ABOUT THIS EXERCISE
Word for word, output every line of the material below, minus pictures.

STORED DATA
*****

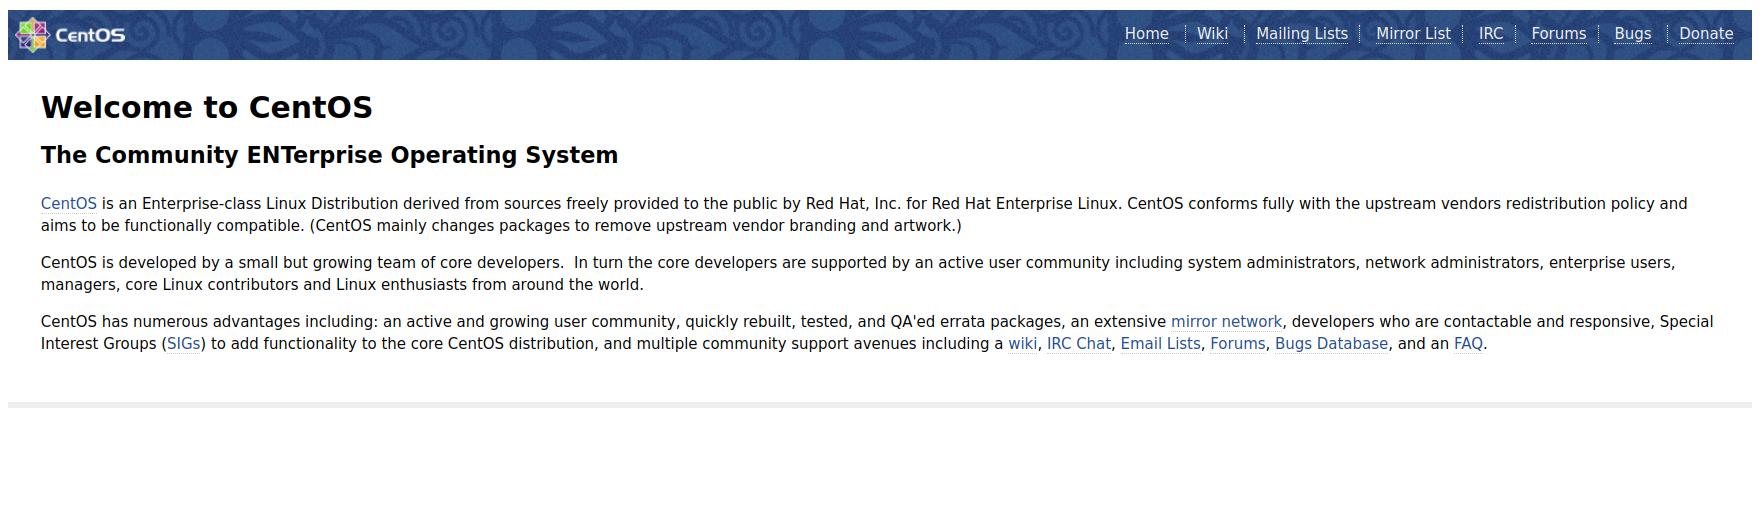 如何在CentOS 7上安装LEMP堆栈-WordPress极简博客
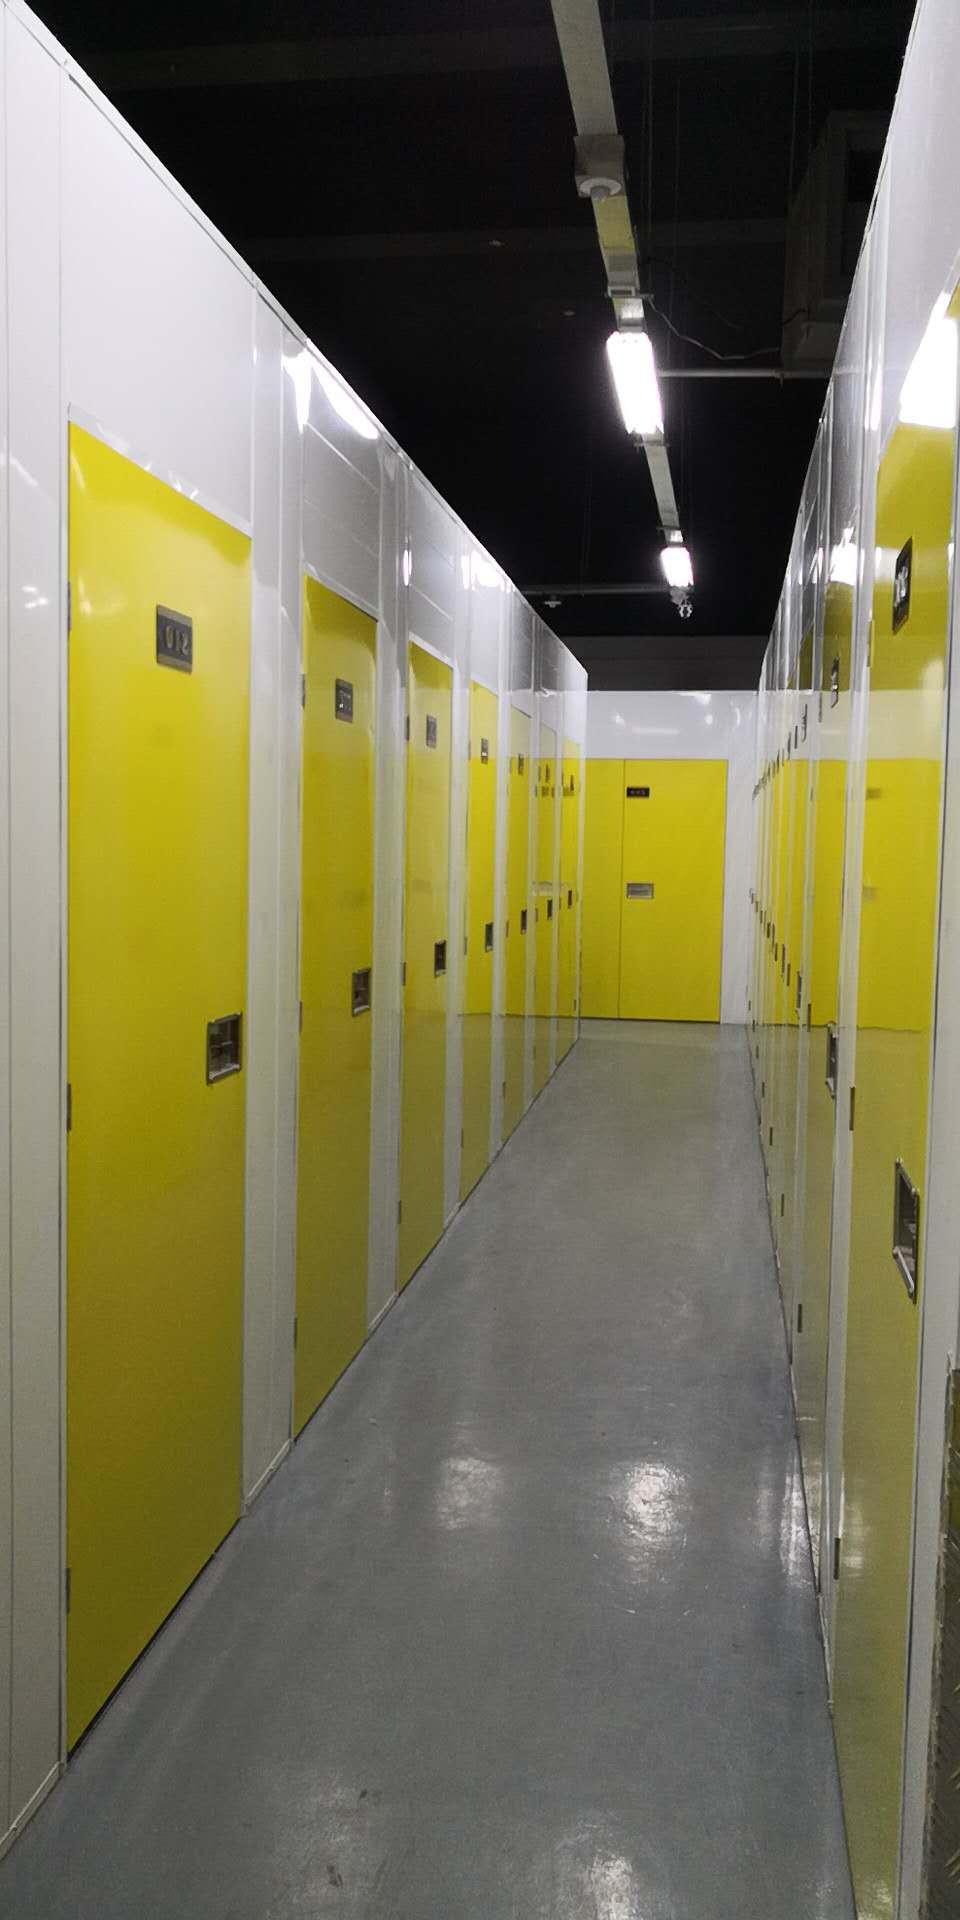 上海智小仓库对物品的储存时间有要求吗?
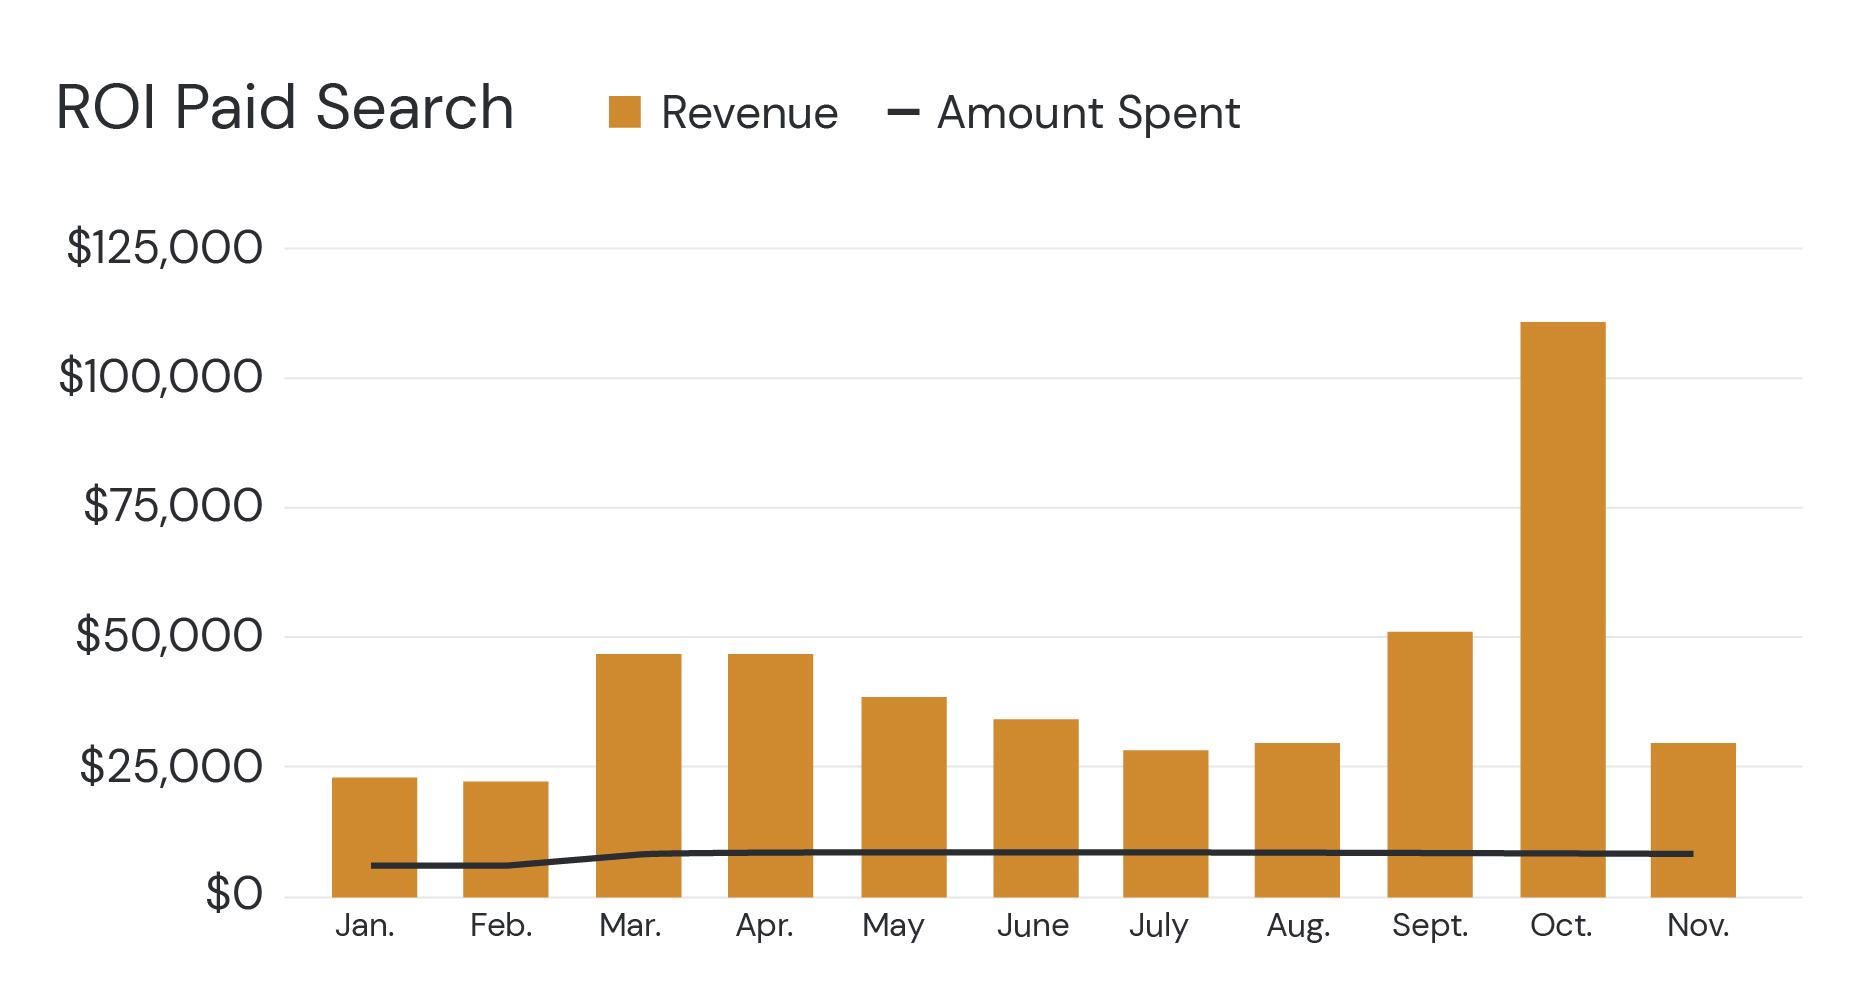 ROI-Paid-Search
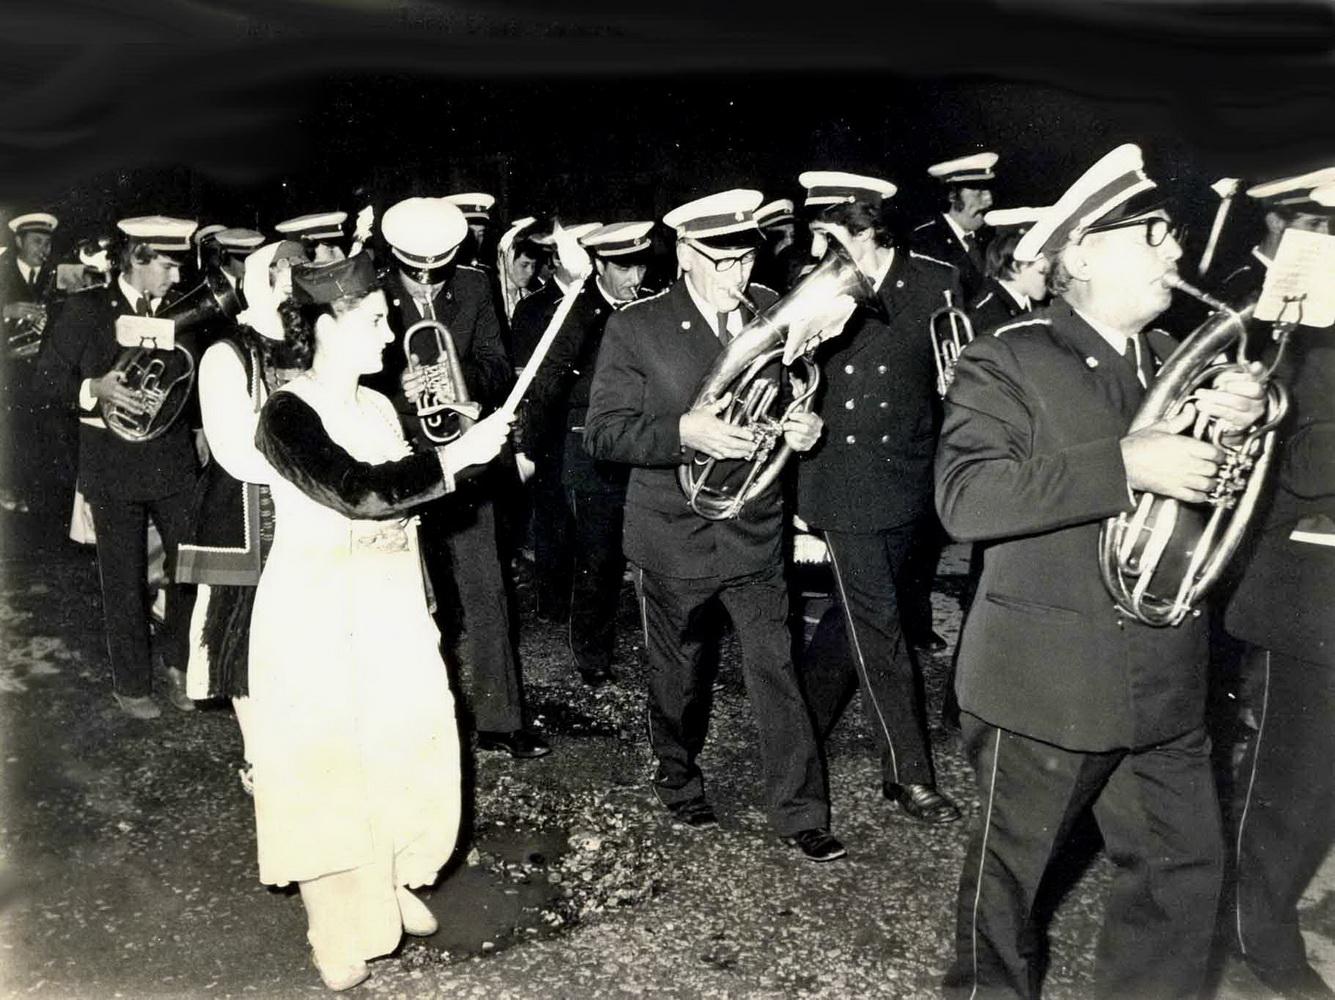 76 Proslava 70 godina Gradske muzike Budva 22 11 1976 god.

*****

TASK OUTPUT
 如何在CentOS 7上安装LEMP堆栈-WordPress极简博客
 上海智小仓库对物品的储存时间有要求吗?
 ROI-Paid-Search
 76 Proslava 70 godina Gradske muzike Budva 22 11 1976 god.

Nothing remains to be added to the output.